> [Your instructions] The answer must be only the lines below from the one holding "Rumors, stories... I'm" down to the one holding "Oil Seal Fit", ends included, printed exactly; please omit all pictures.

> [Provided material]
# # # # # # #
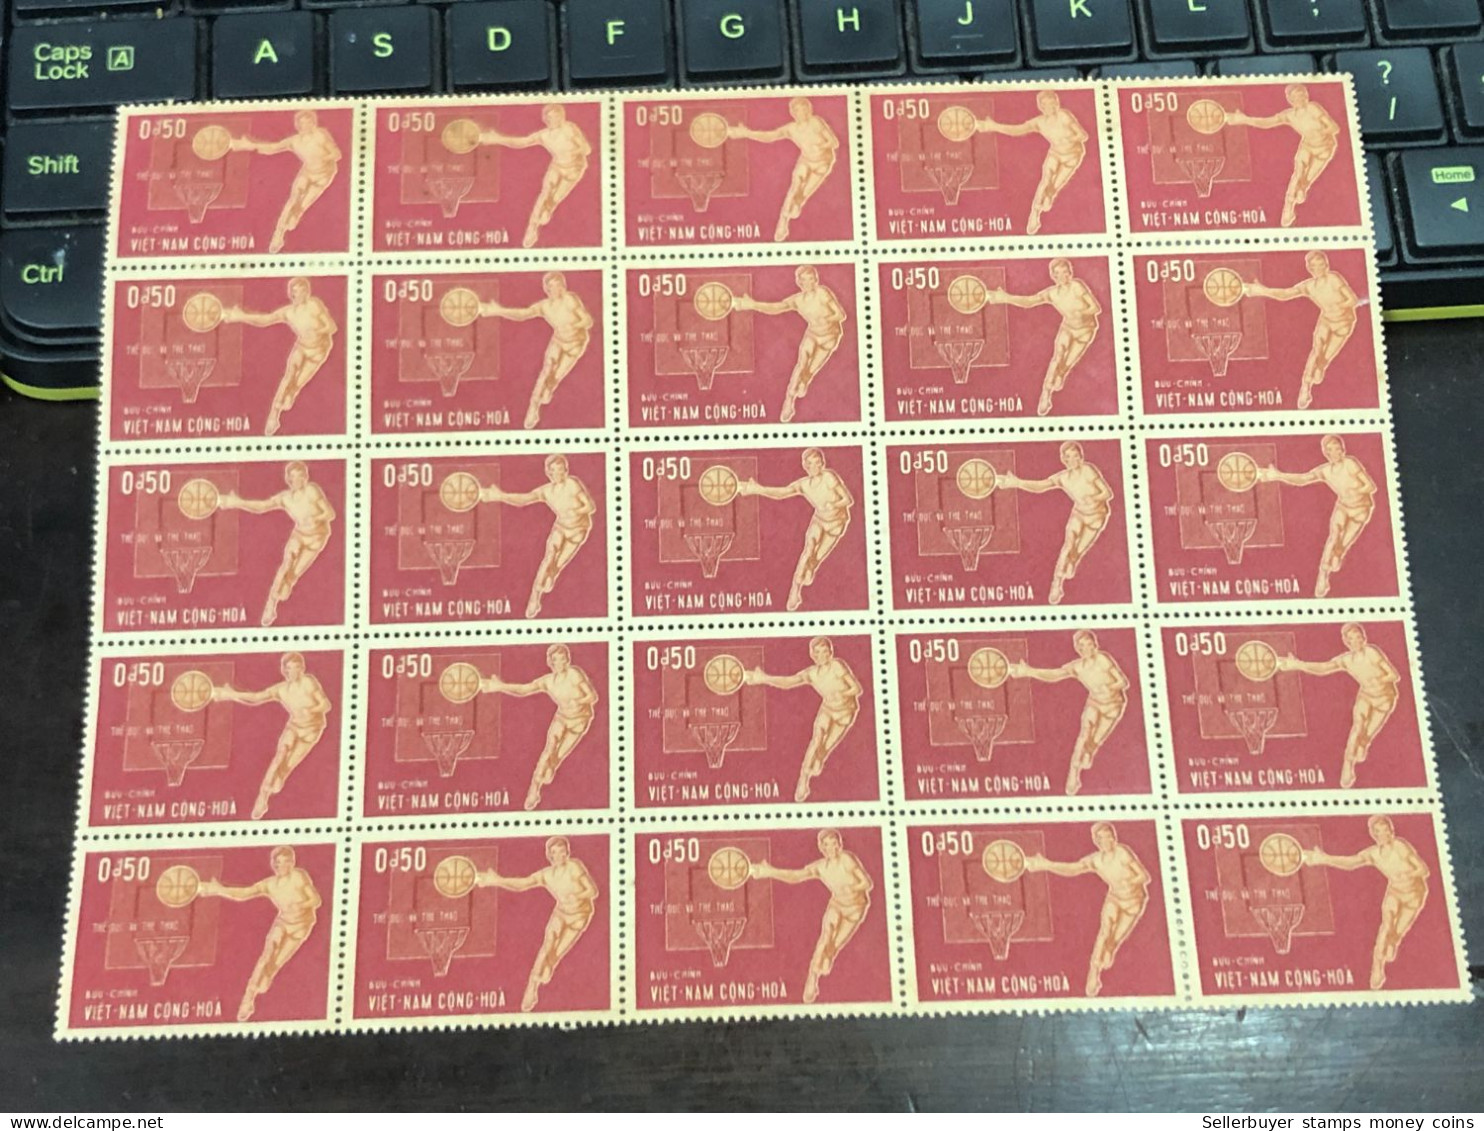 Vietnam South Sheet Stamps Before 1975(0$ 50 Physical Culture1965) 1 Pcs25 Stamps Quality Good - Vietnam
# # # # # # #
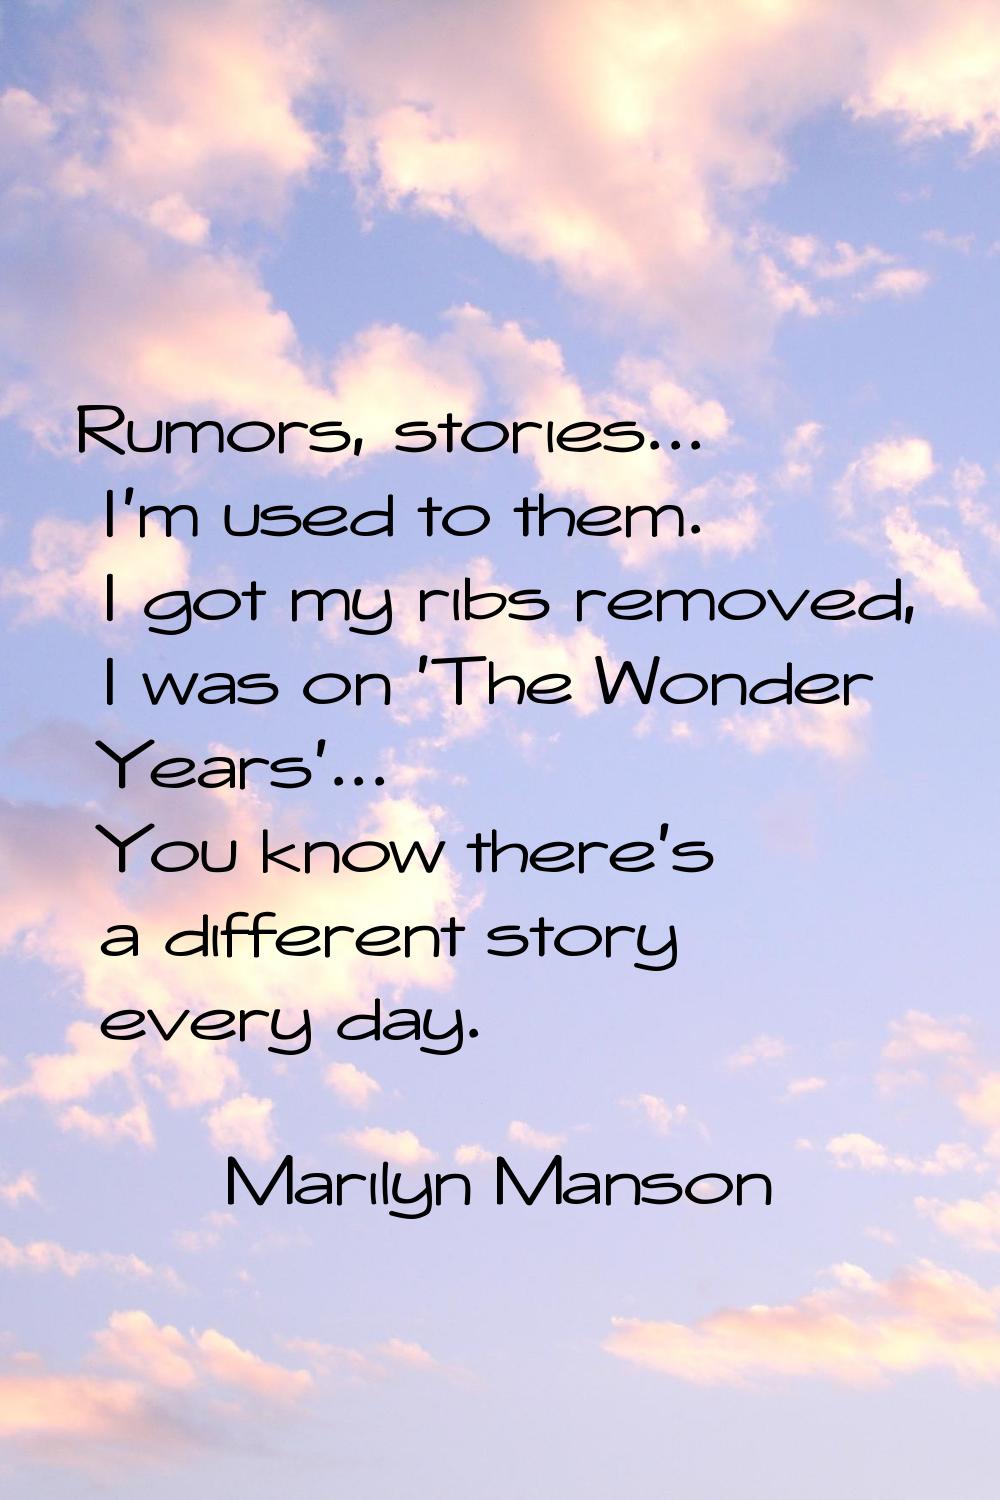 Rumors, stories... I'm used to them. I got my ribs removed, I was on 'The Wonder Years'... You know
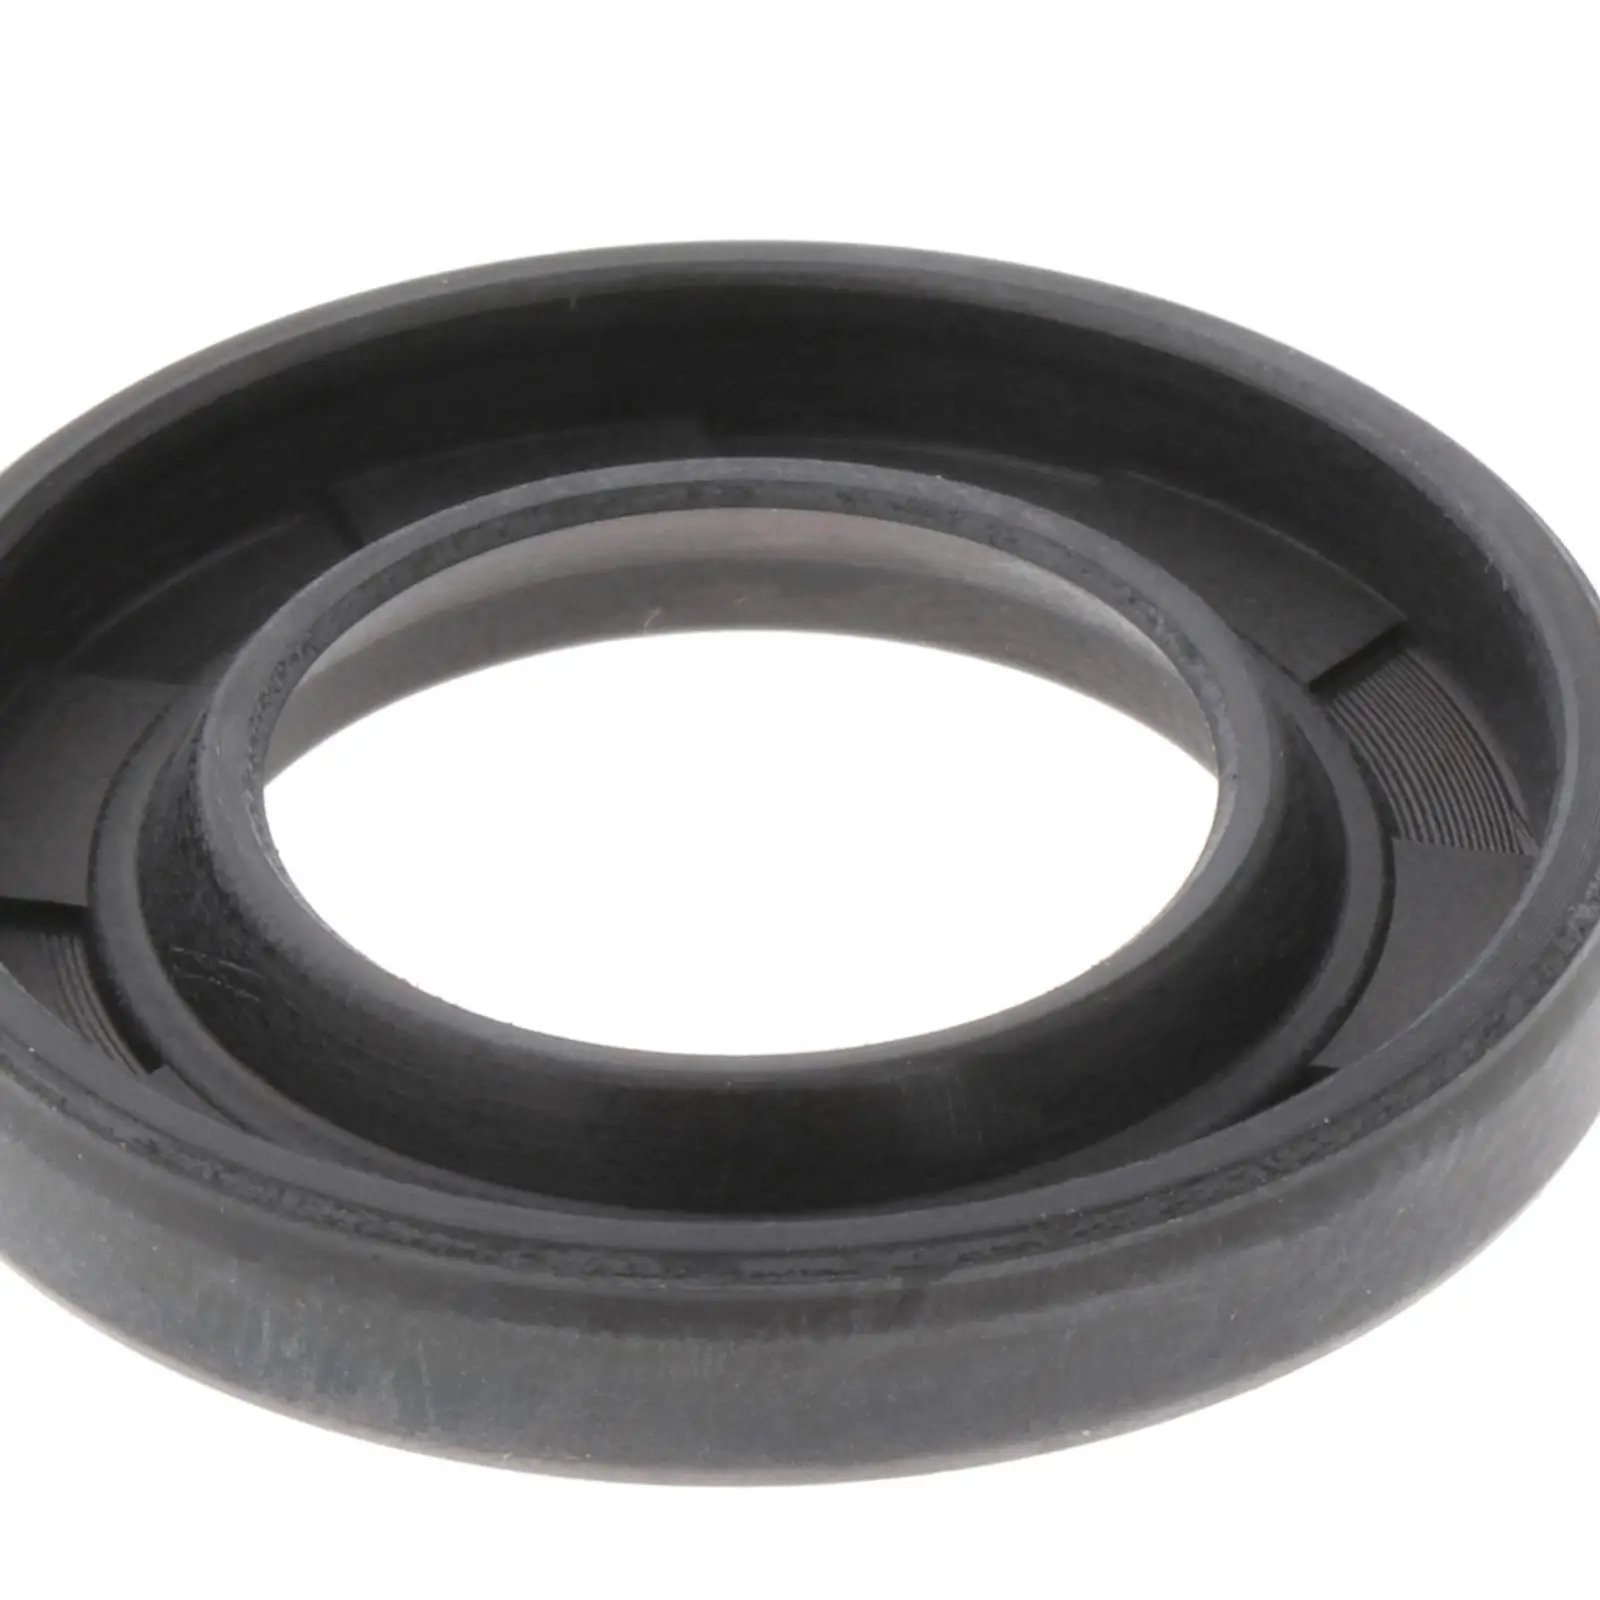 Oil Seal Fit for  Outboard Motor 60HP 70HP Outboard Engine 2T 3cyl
# # # # # # #
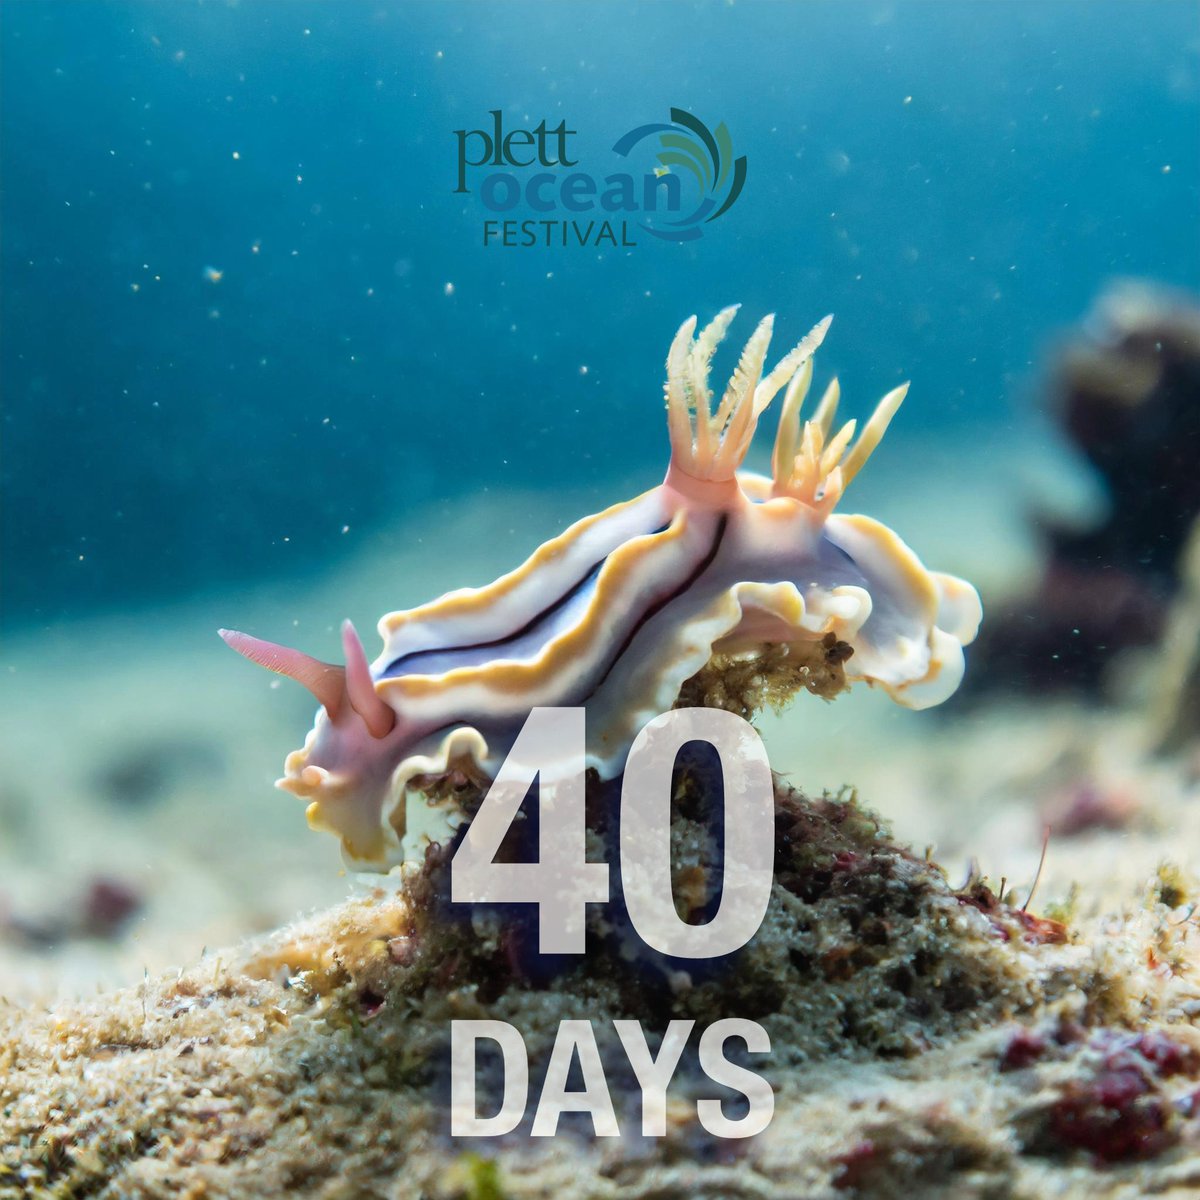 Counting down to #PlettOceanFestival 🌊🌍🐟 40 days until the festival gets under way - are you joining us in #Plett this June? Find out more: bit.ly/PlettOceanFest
# # # # # # #
> [Written solution]
 Rumors, stories... I'm used to them. I got my ribs removed, I was on 'The Wonder Years'... You know
 Oil Seal Fit for  Outboard Motor 60HP 70HP Outboard Engine 2T 3cyl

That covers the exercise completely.